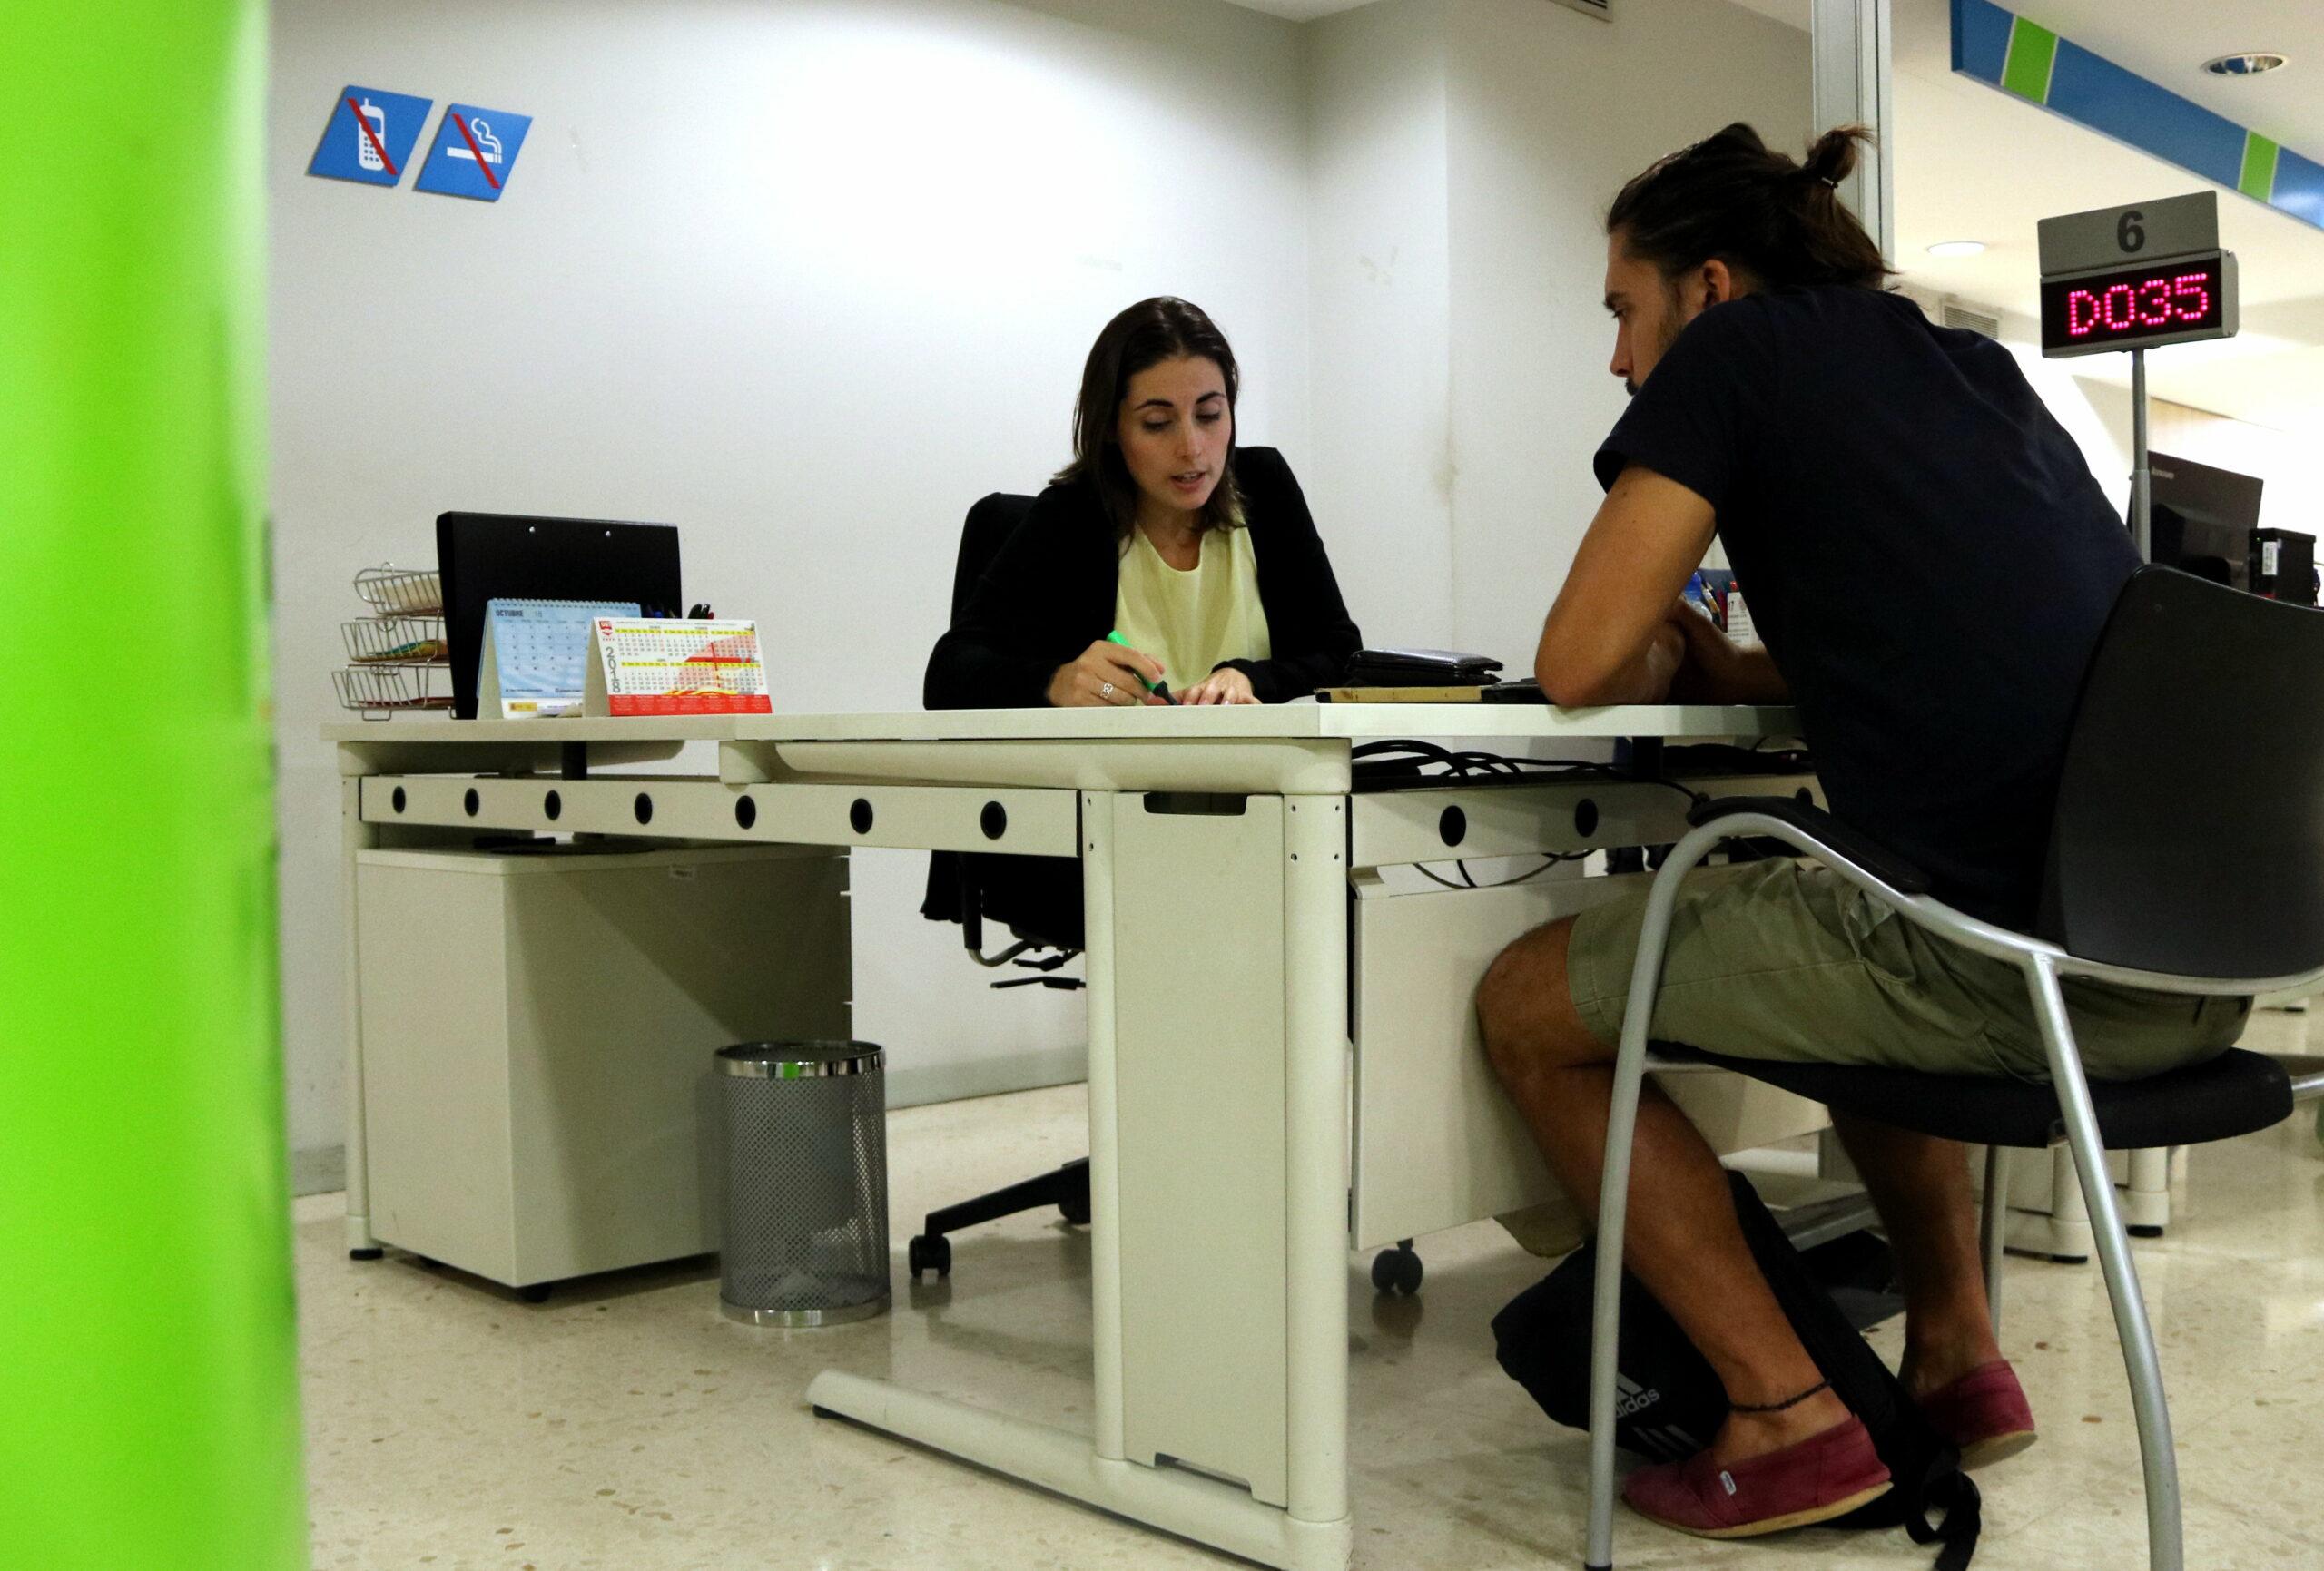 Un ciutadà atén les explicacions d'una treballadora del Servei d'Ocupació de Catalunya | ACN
* * *
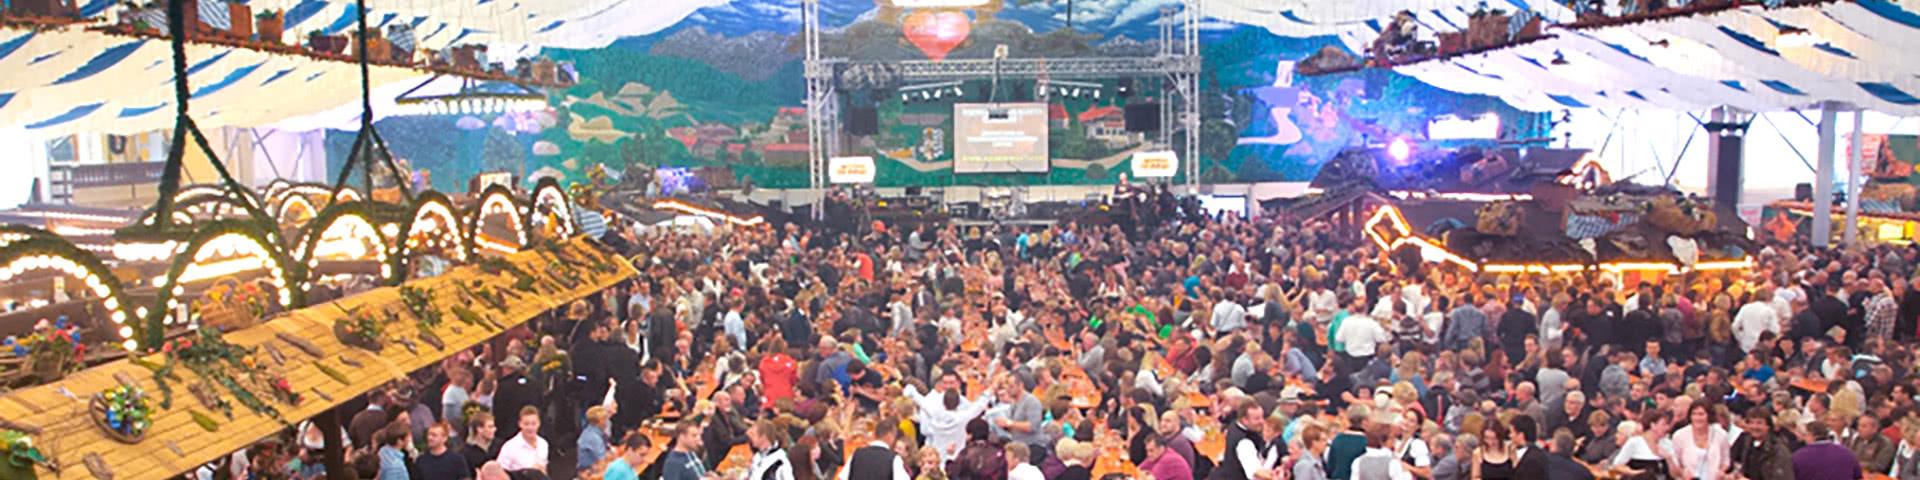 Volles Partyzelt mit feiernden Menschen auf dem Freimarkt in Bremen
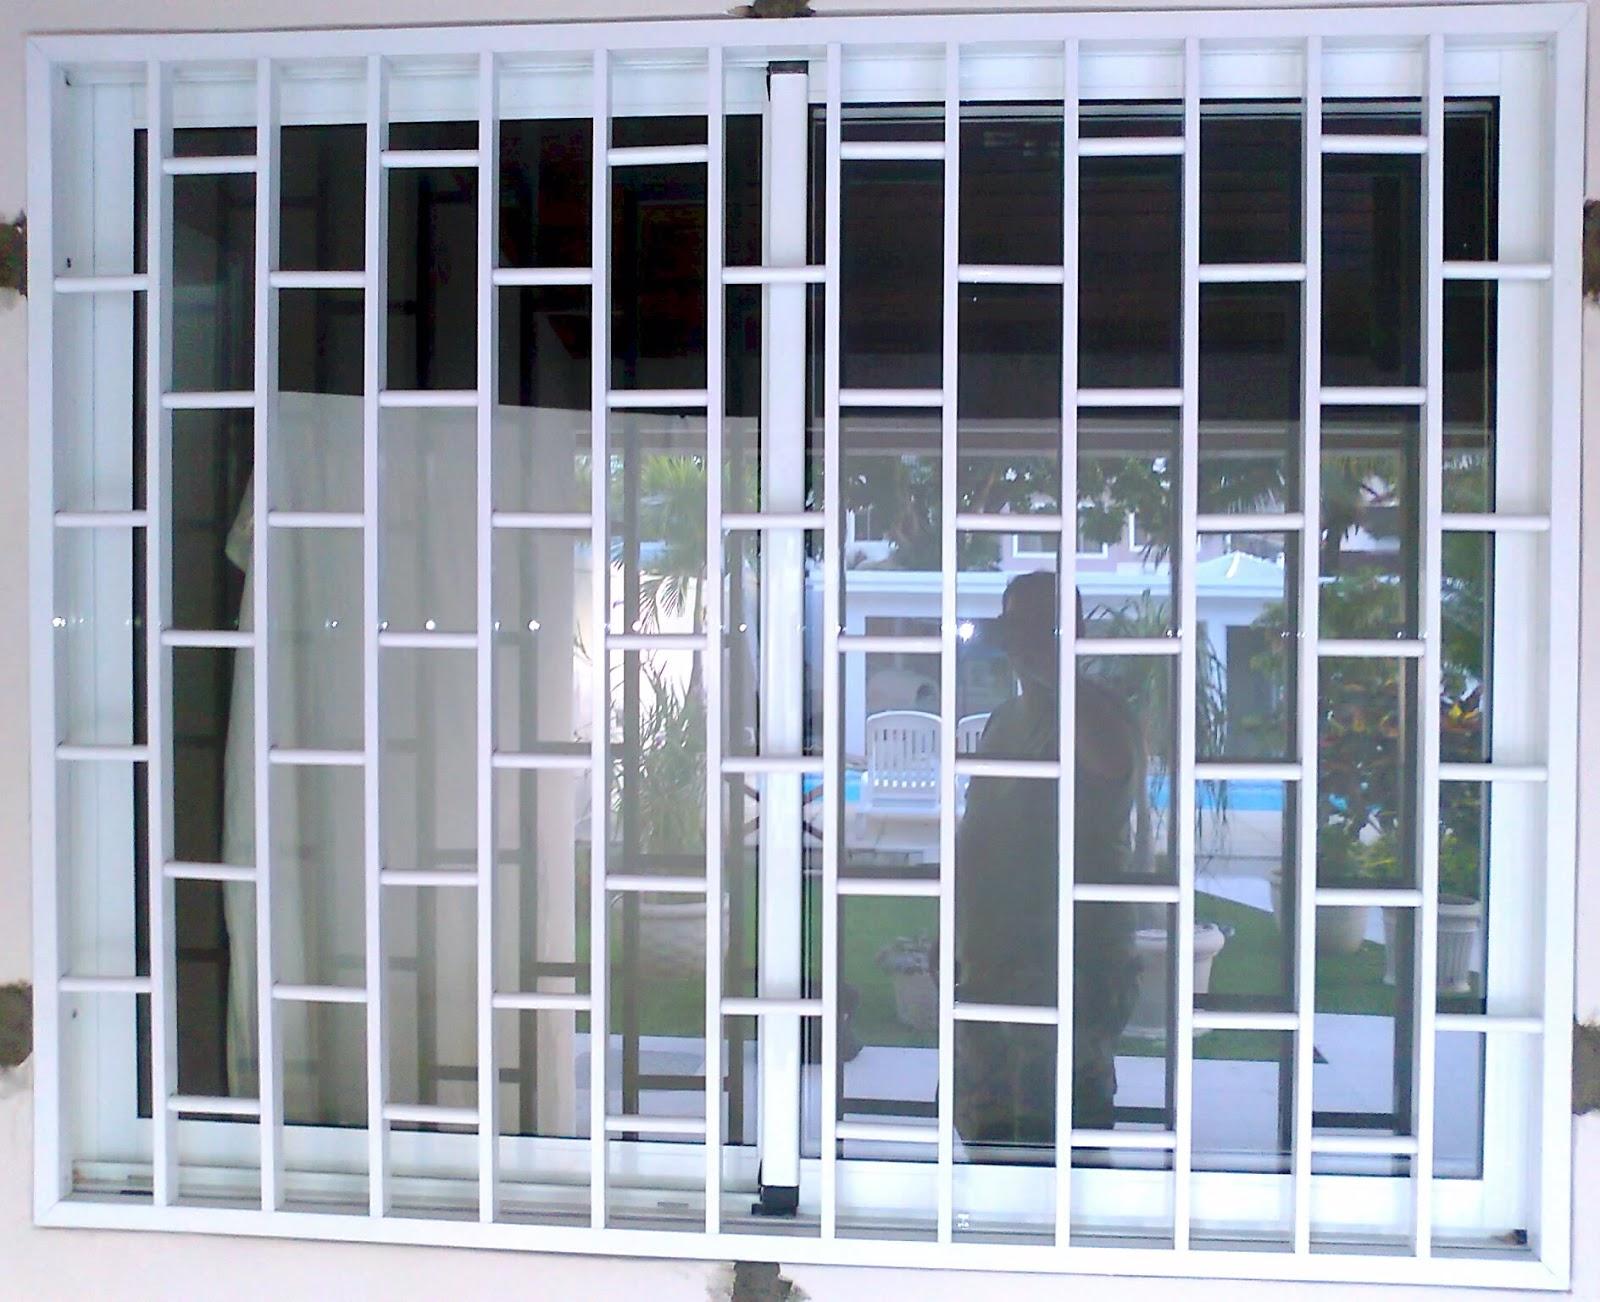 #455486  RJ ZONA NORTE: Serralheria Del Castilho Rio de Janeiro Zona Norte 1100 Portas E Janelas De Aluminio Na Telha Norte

## Problem statement
In the entries above, find the line with "Volles Partyzelt mit" and the line with "Na Telha Norte". Write out exactly those two lines and every line between them, pictures excluded.

## Result
 Volles Partyzelt mit feiernden Menschen auf dem Freimarkt in Bremen
 #455486  RJ ZONA NORTE: Serralheria Del Castilho Rio de Janeiro Zona Norte 1100 Portas E Janelas De Aluminio Na Telha Norte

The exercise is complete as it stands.